Across our research programme, the teams are looking for increasing amounts of monitored building performance data. But what is this monitored data and why do we want it? Let’s take a look at this in a bit more detail, and why it is important in enabling the UK’s transition to net zero.

Firstly, let’s start with what makes up the data we are seeking. I suggest that there are six main characteristics of any monitored building energy dataset, these are:

  • The variables monitored
  • The time resolution
  • The level of metadata
  • The sample size
  • The monitoring period
  • The data quality

Let us consider these in turn.


The variables monitored are generally energy demands and/or temperatures. Energy may be in the form of heat or electricity. These variables could be monitored at any level from the whole building down to individual rooms, appliances, sockets, radiators, and taps.


The time resolution could be anything from annual to sub-minutely. Such high-resolution data would not have been obtainable in the past as we simply didn’t have the technology to capture and store it. Although high-resolution data can be very useful for some purposes (such as the analysis of electricity distribution networks), the amount of data involved can become burdensome and costly to manage.

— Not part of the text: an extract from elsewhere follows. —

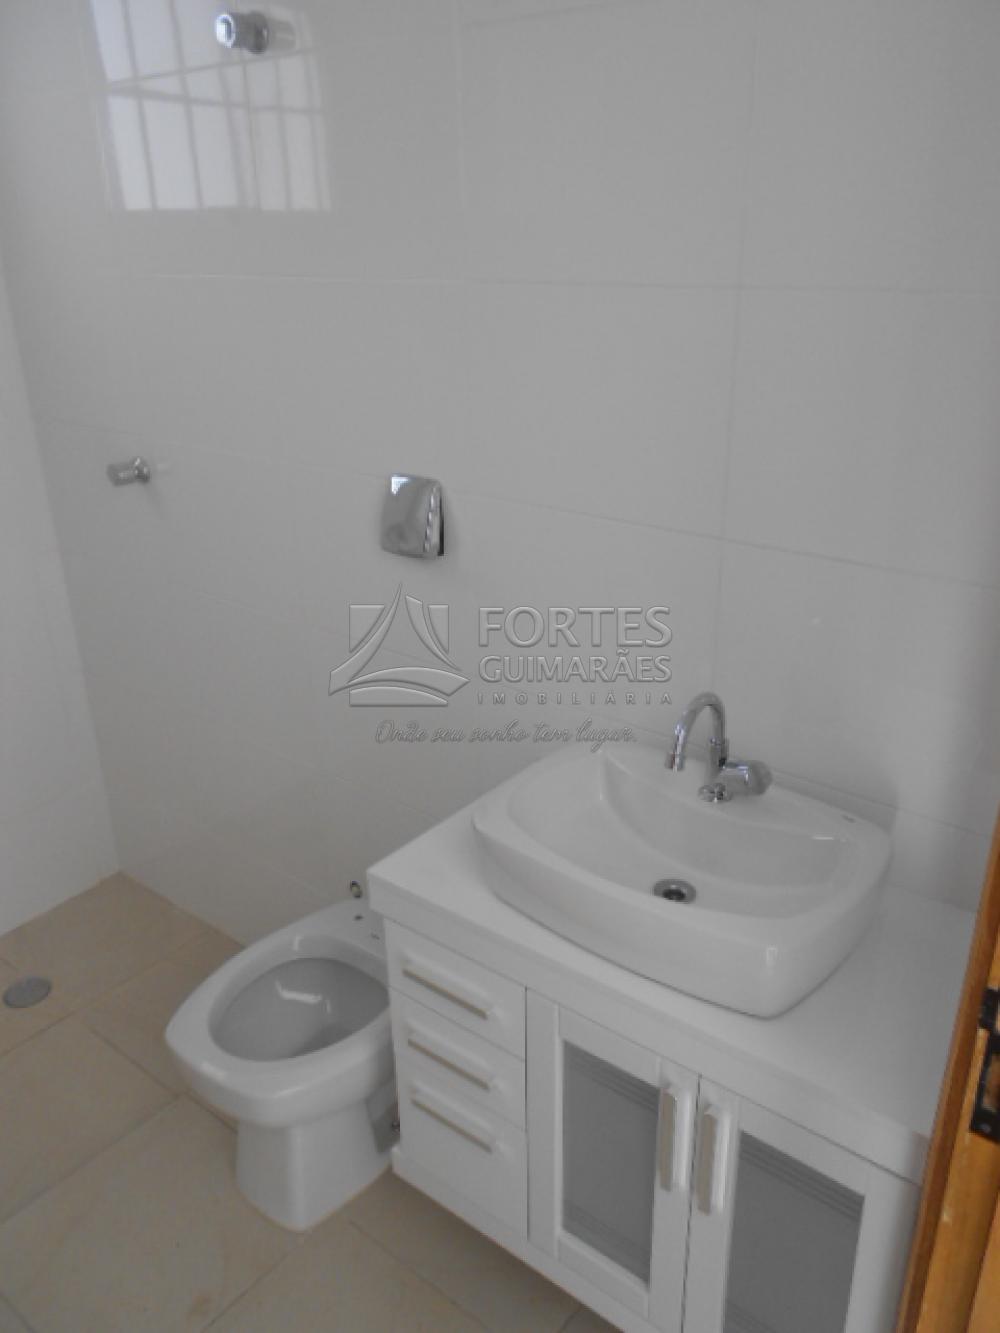 Alugar Casas / Padrão em Bonfim Paulista apenas R$ 1.300,00 - Foto 20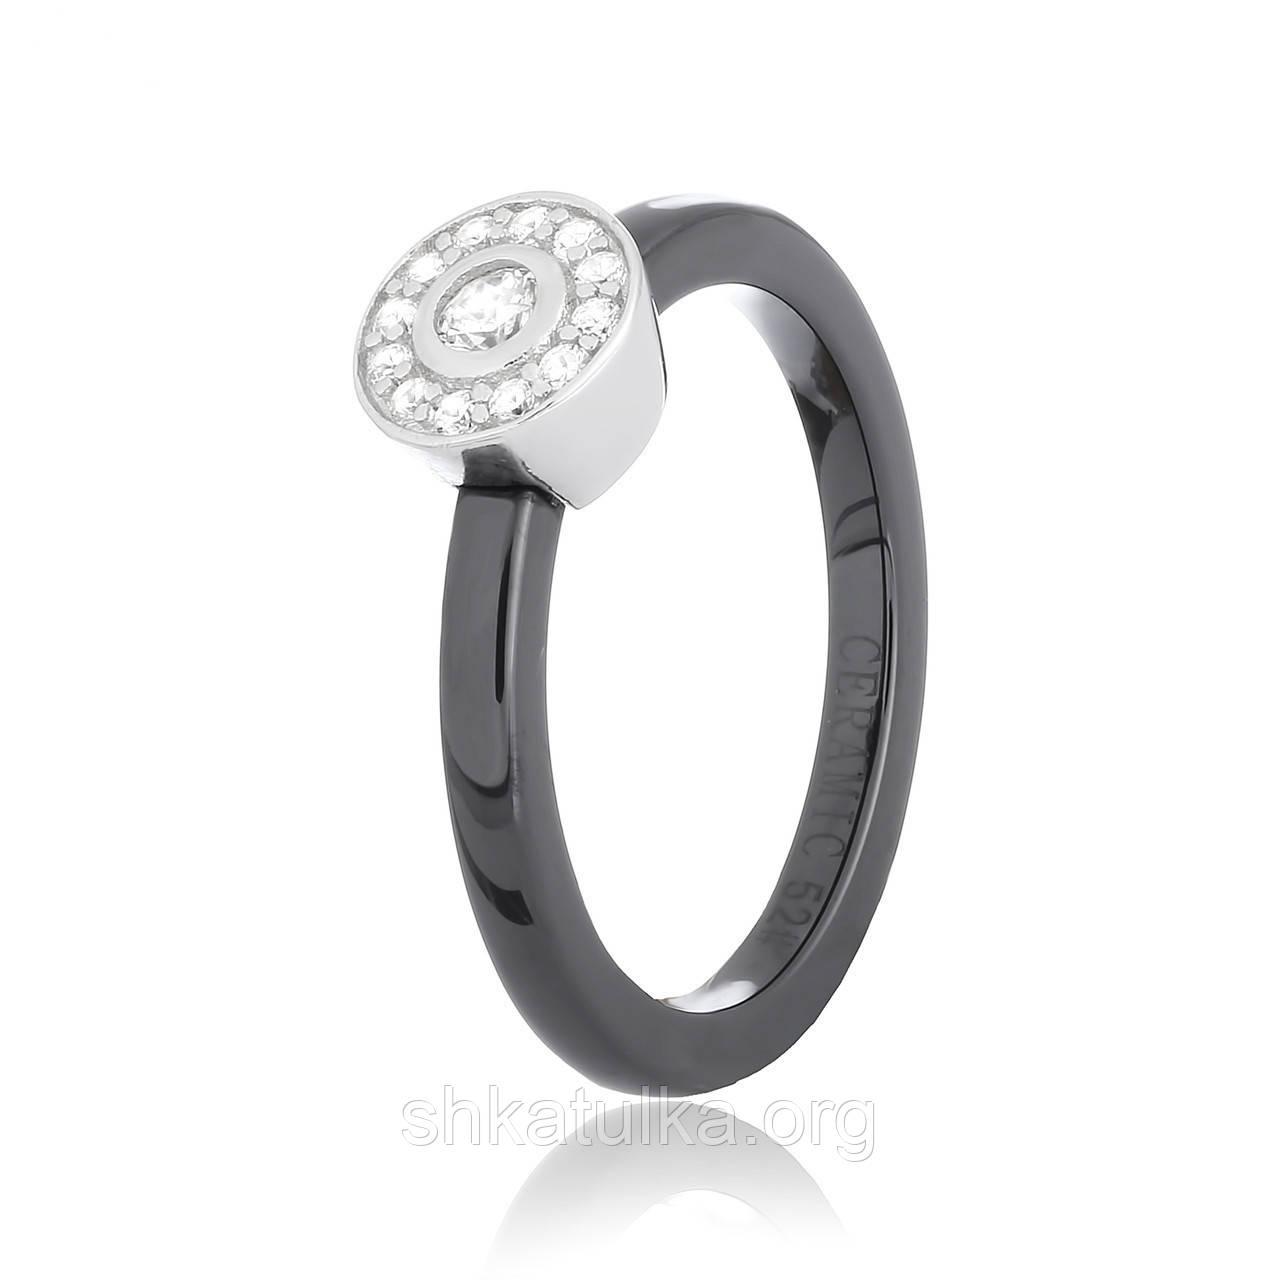 Серебряное кольцо керамическое К2ФК/1011 - 16,5

Under metadata, I include information on the building construction, dimensions, heating system and location, as well as information on occupants, such as number, age, employment status, socio-demographic data etc. where appropriate. Any data from surveys or interviews with occupants could also be included here, such as occupant satisfaction with the building and heating system, environmental attitudes, or the use of windows and secondary heating. Such metadata provides added richness and may help to explain and understand the patterns of energy use seen in the monitored data. Different datasets vary widely in the level of metadata which is included, thus determining the types of analysis which may be conducted. Privacy concerns may also limit the metadata which is available.

Sample size

The sample size can range from individual buildings up to thousands of buildings. Typically larger datasets include less detail. It is also important to consider the diversity of the sample – are all the buildings of a particular type or in a particular location?

Monitoring period

The length of the monitoring period and the range of weather conditions experienced during this period is also important. The weather can be a challenge when collecting data, as the chosen monitoring period may turn out to be unusually cool or warm, but this cannot be known in advance!


The quality of the data refers to the presence of errors in the data. This could include the frequency and magnitude of errors, as well as the level of certainty with which they can be identified and rectified. For example, redundancy in the monitoring set-up can make identifying errors easier. With smaller datasets, the researcher can “eyeball” the data to look for problems, whereas with larger datasets the data cleaning process must be automated. Indeed, with some smaller datasets, it might be possible to visit the building in question and ascertain what is really happening. There are numerous possible sources of error: incorrect sensor installation, degredation of monitoring equipment, data logging and transmission problems, building users moving or tampering with equipment etc.


Clearly there are trade-offs – a larger dataset is likely to include less detail on each building, both in terms of the variables monitored and the level of metadata, but a smaller dataset may not include enough dwellings to cover the range of energy demand patterns of interest. The monitoring period may or may not happen to include the range of weather conditions of interest. The greater the quantity of data, the more difficult it is to investigate any anomalies in the data and the computer processing time will be longer.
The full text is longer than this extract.